His offer has a specific background. Liberalisation of the Indian economy, particularly in the decade of the 2000s, produced high levels of economic growth. However, two associated outcomes were strikingly visible. First, the growth of incomes did not lead to an appreciable fall in absolute poverty or improvement in human development indicators. Secondly, the growth of incomes was deeply unequal in its spread. Since 2000, according to the estimates of the World Inequality Lab (WIL)—whose “core mission is to maintain and expand the World Inequality Database” (WID)—the incomes of the bottom 90 per cent of the population grew at about 2 per cent a year, while the incomes of the top 1 per cent grew at 7 per cent a year. Since 1980, if the share of income growth cornered by the top 0.1 per cent was 12 per cent, the corresponding share for the whole of the bottom 50 per cent was just 11 per cent. Rahul Gandhi’s effort has been to politically position himself as a representative of those who have lost out during this long phase of unequal growth. Thomas Piketty, a founder of the WIL, has admittedly been advising Rahul Gandhi on the design of NYAY.

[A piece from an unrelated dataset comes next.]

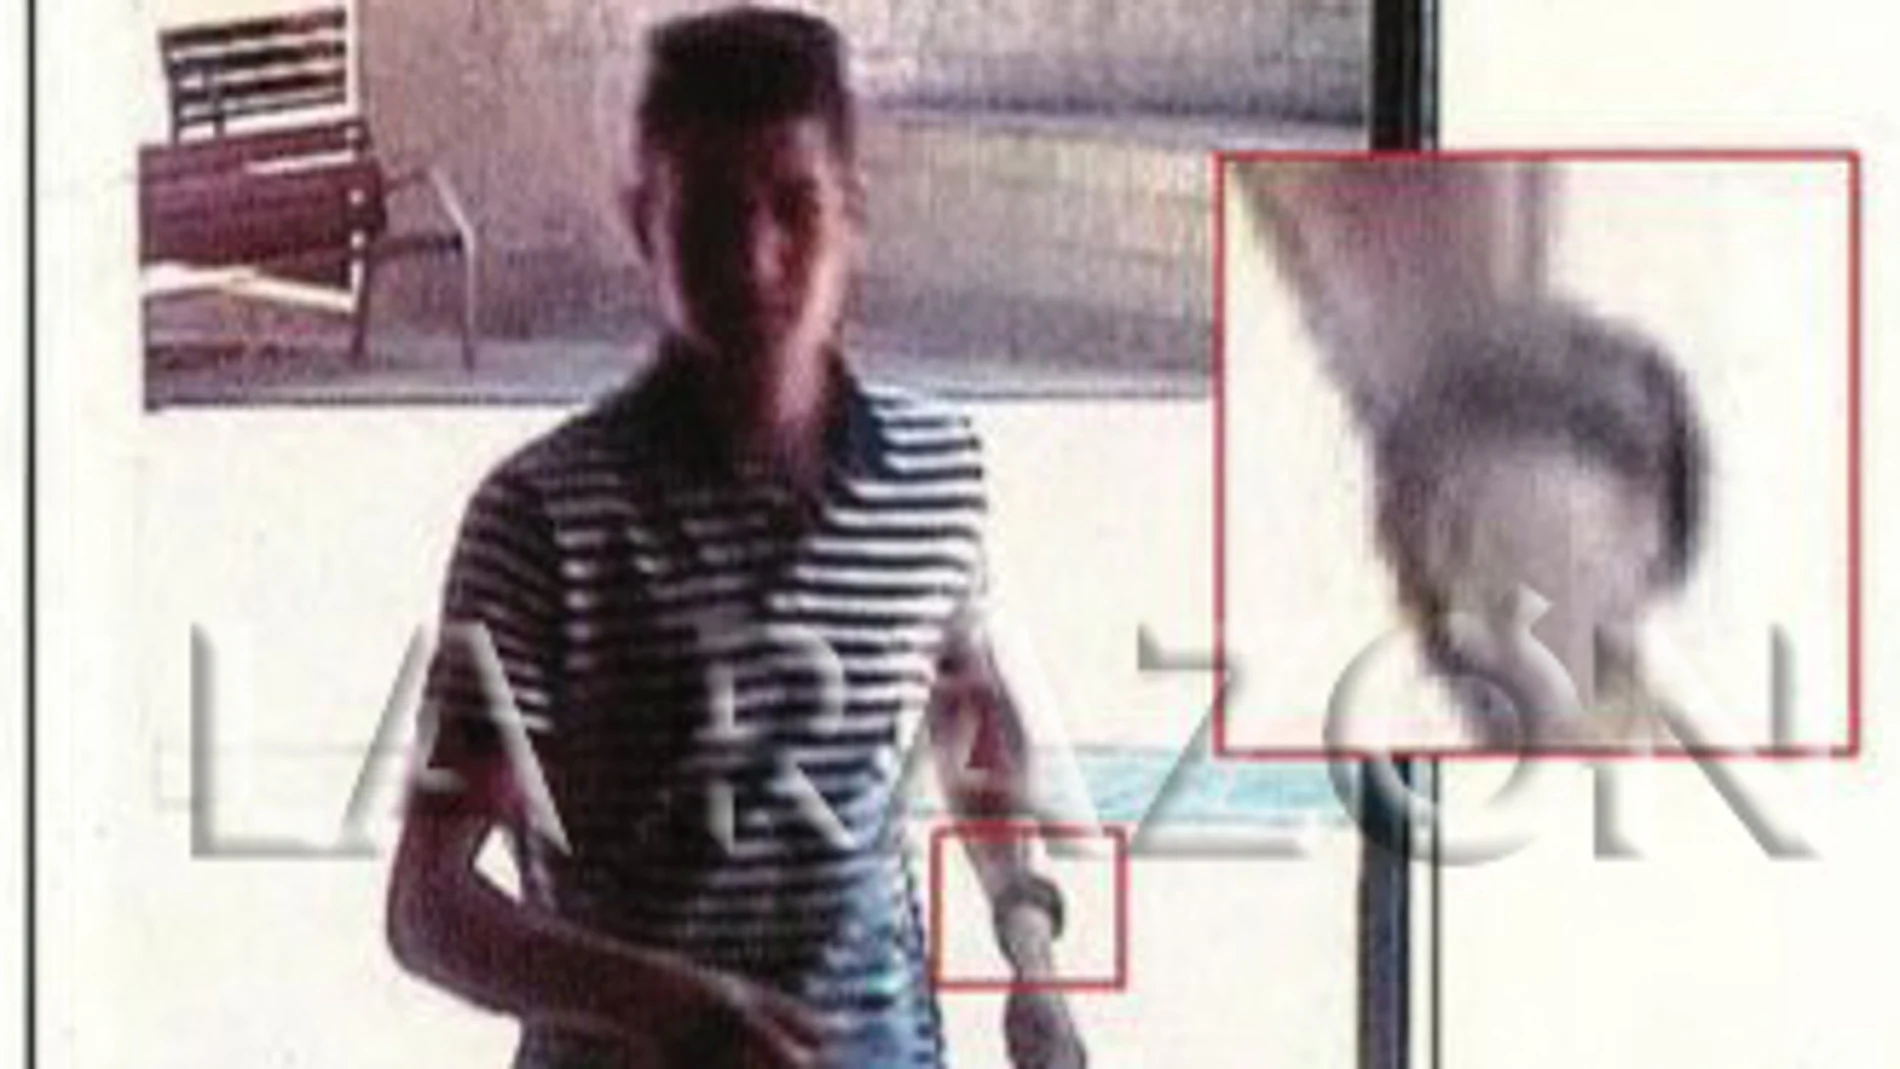 Los Mossos identificaron diversos objetos personales que llevaba Younnes Abouyaaqoub cuando fue abatido en las imágenes grabadas al terrorista durante su huida

There is another side to the inequality story that many observers miss. Income inequality in India is driven by inequality in wealth endowments. For 2012, the WID estimates showed that the top 1 per cent of India’s population owned 30 per cent of the total wealth and the top 10 per cent of India’s population owned 63 per cent of the total wealth. On the other hand, the bottom 50 per cent owned just 8 per cent of the total wealth. Land and buildings formed about 90 per cent of the wealth of households, and as such, unequal distribution of land has been the foundational factor that has generated and fostered income inequalities in the rural areas. This is not a new finding; scholars in agrarian studies have underlined this feature of rural inequality for decades. In the urban areas, it was the growth of financial assets and savings that explained a large part of the observed income inequality.